At issue during the hours-long hearing was whether Stewart cursed at CENTCOM, and if she did curse, whether that created a hostile work environment. 
“I went to other action officers to avoid Ms. Stewart,” one witness explained to the judge, in support of the decision to reassign her. 
The hearing, held through a teleconference connecting DIA lawyers in Washington with a judge in Atlanta and the complainant in Tampa, had all the markings of a proper trial. Someone wore a robe and lawyers yelled out objections. 
But one couldn’t help thinking it was like an episode of The Office. Those charged with helping target ISIS terrorists were instead obsessed with things like who “bitched out” whom. 
The government claimed she said it to another woman.
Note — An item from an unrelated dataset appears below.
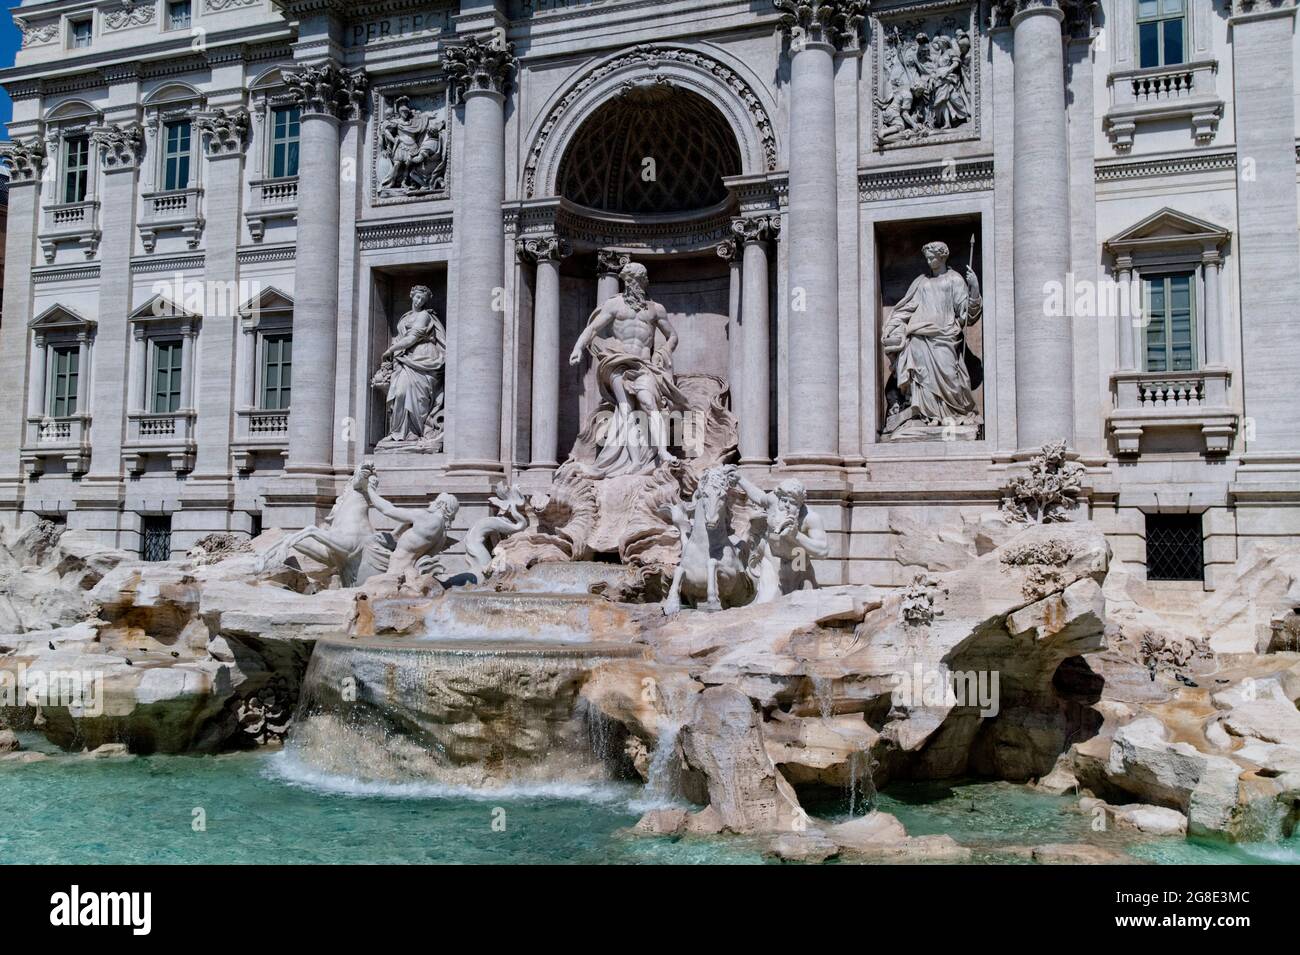 Europa - Italia, capitale Roma: Una vista dettagliata della Fontana di Trevi, uno dei luoghi più popolari di Roma, migliaia di persone visitano la f Foto Stock

Another witnesses said someone else said those words to Stewart. It is worth noting that such debates were occupying a command post tasked with leading the war on ISIS. 
And yet the key issue of the time was how precisely Stewart handled a colleague telling her he would not adjust a target order. 
This is a command problem of the first order. The commanding general and his top aides are directly responsible for creating a work environment conducive to the gathering of intelligence and writing good analyses. That they failed in that task, and if not encouraged, then ignored the enormous pressure being put on whistleblowers, is very disturbing. 
The I.G. is still in the process of investigating, and no final report is expected until the summer. Meanwhile, the targeting office where Stewart supposedly contributed to a "hostile work environment" continues its work – apparently free of the pain of listening to profanity.